Worldwide, it is estimated that over one billion people are now overweight.1 This is a shocking number, and it is all the more so when you consider that four or five generations ago there were only a few rare cases of obesity, and there was not even an idea that it could ever become a major health problem. Being overweight was something that afflicted only the very rich, and two hundred years ago it was so rare as to be considered a status symbol. Today, close to one-sixth of the world’s population is overweight, a number greater than those who are in danger of not having enough food.2

It has long been known that being overweight increases a person’s risk for chronic disease, and we know now that inflammation plays a large role in this. High levels of inflammation are associated with heart disease, stroke, arthritis, type 2 diabetes, and more. As the prevalence of obesity has increased, we have experienced much higher rates of chronic diseases.3

Treating Excess Inflammation

The link between inflammation and chronic diseases has made inflammation a target of drugs designed to treat cancer,4 arthritis, and other chronic diseases. One class of drugs targeting inflammation is known as COX-2 inhibitors. The COX-2 inhibitor Vioxx® was found to cut C-reactive protein (CRP) levels in half. Some researchers believe CRP is the real culprit behind heart disease. COX-2 inhibitors are a potential treatment for cancer and have been used for treating inflammatory conditions like lupus, arthritis, and contact dermatitis.5,6 COX-2 inflammation has also been shown to be a key factor in insulin resistance, which decreases food’s ability to lower hunger.7

While COX-2 inhibitor drugs have been useful in treating inflammation, some may have increased the likelihood of heart attack and stroke, and several are no longer sold in the United States. The remaining COX-2 inhibitors are now sold with a warning label. However, it has been discovered that there are natural COX-2 inhibitors. A study completed in 2008 has found that many types of E vitamins are broken down into substances that inhibit the activity of COX-2 and other inflammatory molecules.8 While vitamin E supplements do not show effects like COX-2 inhibitors, some scientists believe that “generations of studies on vitamin E may be largely meaningless…because new research has demonstrated that the levels of [vitamin E required]…are far higher than those that have been commonly used in clinical trials.”9 Higher levels are necessary because vitamin E in synthetic form is very poorly absorbed. We have been gaining weight, eating more inflammatory foods, and removing natural vitamin E from flour since the beginning of the twentieth century, and it is not surprising that these factors would cause a rise in chronic inflammatory diseases.

Vitamin E and other nutrients are deficient in many chronic diseases. Pre-modern agrarian societies, which often used stone ground grains, had much lower rates of heart disease, cancer, and other chronic inflammatory diseases than do modern societies. We have already seen that wheat germ oil has a significant effect on cholesterol and inflammation, but it appears that nutrients in the rest of the wheat germ have a major impact on our health as well.

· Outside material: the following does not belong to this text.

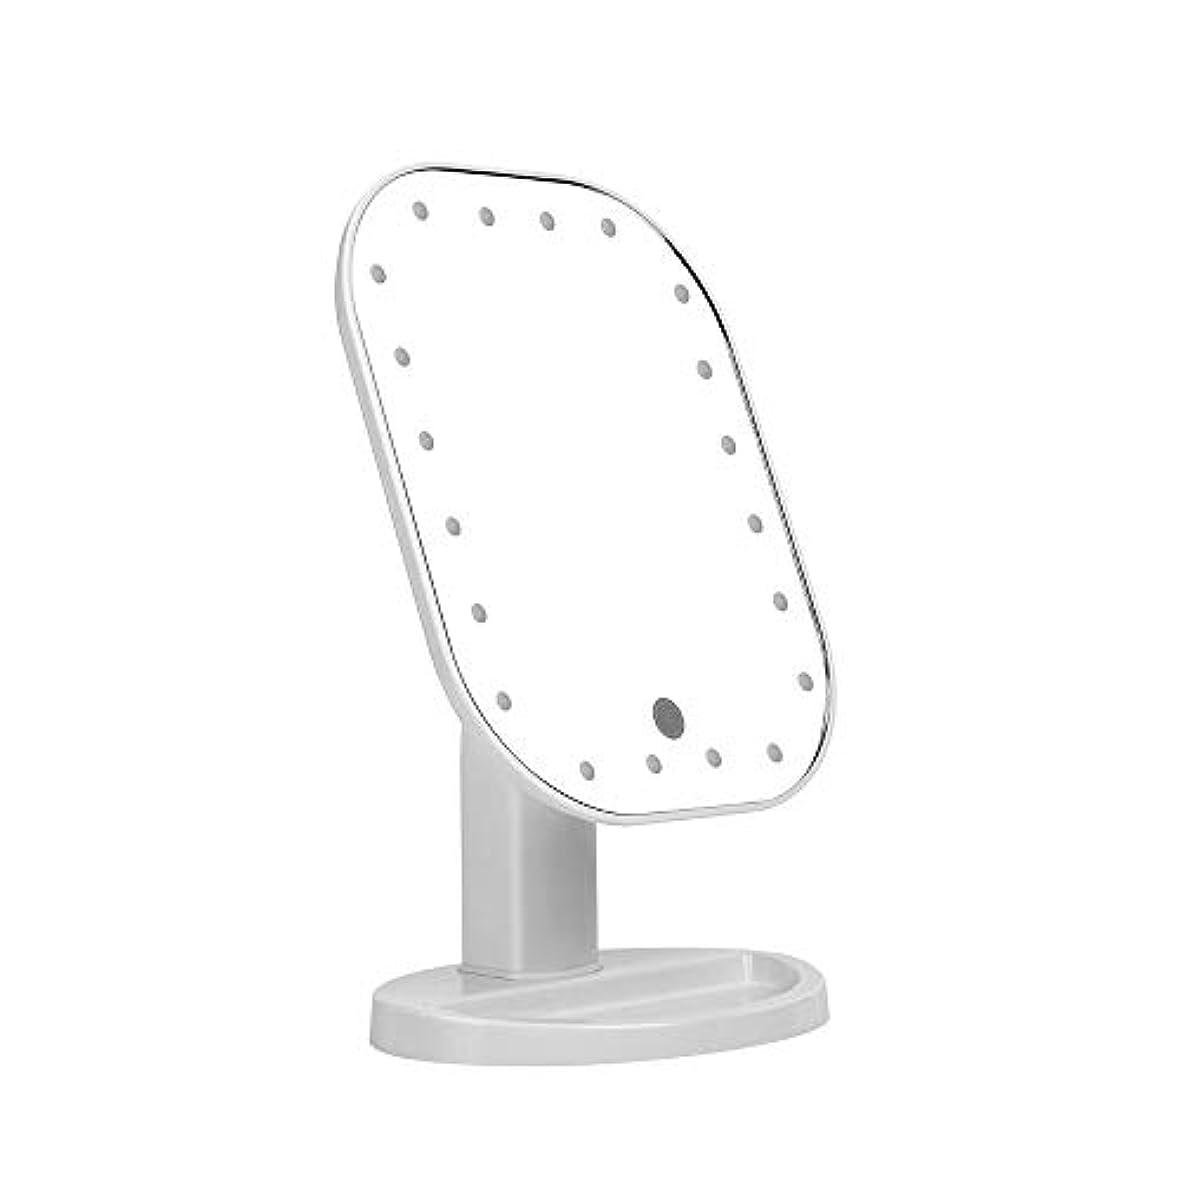 中断驚かす引き出し卓上化粧鏡、C-Timvasion 女優 化粧鏡 20個LEDライト付き タッチパネル 明るさ調節可 角度180度調節可 単三電池給電

Amino Acids and Inflammation

Amino acids play a variety of roles in metabolism. There are twenty standard amino acids in human nutrition, and they are usually referred to as the building blocks of enzymes and other proteins. However, less than 10% of human amino acid use is for the creation of proteins.10 They are also used to create biomolecules such as neurotransmitters, which can be used for energy, to manage nitrogen levels, as antioxidants,11 and for other functions, not all of which are known. The human body cannot create eight of the standard amino acids and must get them from food; these are known as the essential amino acids. The other fourteen are called non-essential amino acids, and they can be obtained from food or manufactured by the body. However, the term “essential” is not a completely accurate description in this context.

For genetic reasons, people have different abilities to manufacture these non-essential amino acids.12 Animal experiments have shown that amino acid deficiency results in increased hunger.13 Certain diseases are “associated with deficiencies and imbalances of particular amino acids causing specific changes in [our dietary] requirements,”14 including non-essential amino acids. There is a connection between low levels of amino acids in the blood and increased inflammation,15 with amino acid requirements increasing in cases of chronic inflammation.16 It also appears that raising amino acid levels can reduce inflammation.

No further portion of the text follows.